Smoking status and depressive symptoms: which way does the arrow point?
Conference
Regional Statistics Conference 2026
Format: CPS Abstract - Malta 2026
Keywords: bayesian modeling, dynamic multivariate time series, panel data
Session: CPS 17 Epidemiology
Friday 5 June 11 a.m. - noon (Europe/Malta)
Abstract
Adolescence is a developmental period in which both smoking initiation and depressive symptoms commonly emerge. To clarify their temporal ordering and potential causal relationship, we examined their co-evolution using data from the National Longitudinal Survey of Youth 1997(NLSY97).
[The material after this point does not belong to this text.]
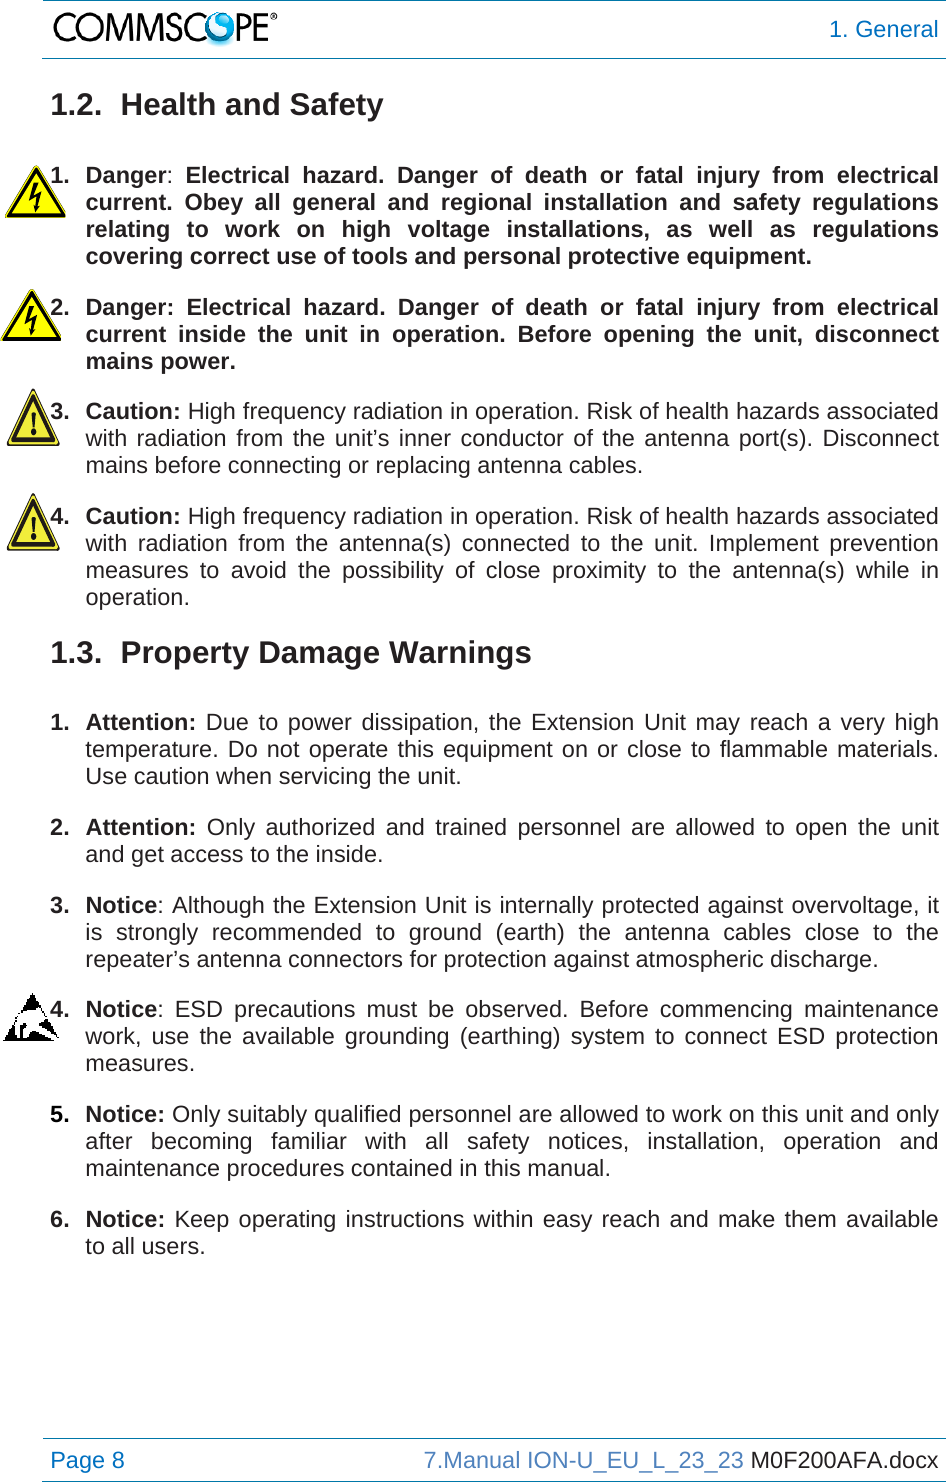  1. General Page 8  7.Manual ION-U_EU_L_23_23 M0F200AFA.docx  1.2.  Health and Safety  1. Danger:  Electrical hazard. Danger of death or fatal injury from electrical current. Obey all general and regional installation and safety regulations relating to work on high voltage installations, as well as regulations covering correct use of tools and personal protective equipment. 2. Danger: Electrical hazard. Danger of death or fatal injury from electrical current inside the unit in operation. Before opening the unit, disconnect mains power. 3. Caution: High frequency radiation in operation. Risk of health hazards associated with radiation from the unit’s inner conductor of the antenna port(s). Disconnect mains before connecting or replacing antenna cables. 4. Caution: High frequency radiation in operation. Risk of health hazards associated with radiation from the antenna(s) connected to the unit. Implement prevention measures to avoid the possibility of close proximity to the antenna(s) while in operation. 1.3. Property Damage Warnings  1. Attention: Due to power dissipation, the Extension Unit may reach a very high temperature. Do not operate this equipment on or close to flammable materials. Use caution when servicing the unit. 2. Attention: Only authorized and trained personnel are allowed to open the unit and get access to the inside. 3. Notice: Although the Extension Unit is internally protected against overvoltage, it is strongly recommended to ground (earth) the antenna cables close to the repeater’s antenna connectors for protection against atmospheric discharge. 4. Notice: ESD precautions must be observed. Before commencing maintenance work, use the available grounding (earthing) system to connect ESD protection measures. 5.  Notice: Only suitably qualified personnel are allowed to work on this unit and only after becoming familiar with all safety notices, installation, operation and maintenance procedures contained in this manual. 6. Notice: Keep operating instructions within easy reach and make them available to all users.

We assessed both the short-term association between smoking and mental health during adolescence and their long-term impact on depressive symptoms in adulthood.
A dynamic multivariate panel model (DMPM), estimated separately for males (n=4,540) and females (n=4,331), was fitted to biennial assessments collected over a 10-year span. At the first assessment, respondents aged 16–18 years reported whether they had ever smoked and whether they had smoked in the past year. Depressive symptoms were measured using the Mental Health Inventory (MHI), for which higher scores indicate better mental health (i.e., fewer depressive symptoms).
Adolescent trajectories of smoking and mental health were then used to predict depressive symptoms in adulthood, approximately a decade later, as measured by the Center for Epidemiologic Studies Depression Scale (CESD). During adolescence, within-person increases in smoking were associated with short-lived improvements in subsequent MHI scores. In the long-run, adolescents with higher overall smoking levels exhibited greater depressive symptoms in adulthood. Sex differences in the co-evolution of mental health and smoking during adolescence were found.
Because smoking shows stronger short-run persistence among male adolescents, prevention efforts may be particularly beneficial for this group. In contrast, female adolescents were more strongly influenced by the smoking behavior of their peers, suggesting that peer-focused smoking cessation interventions may be especially important among females.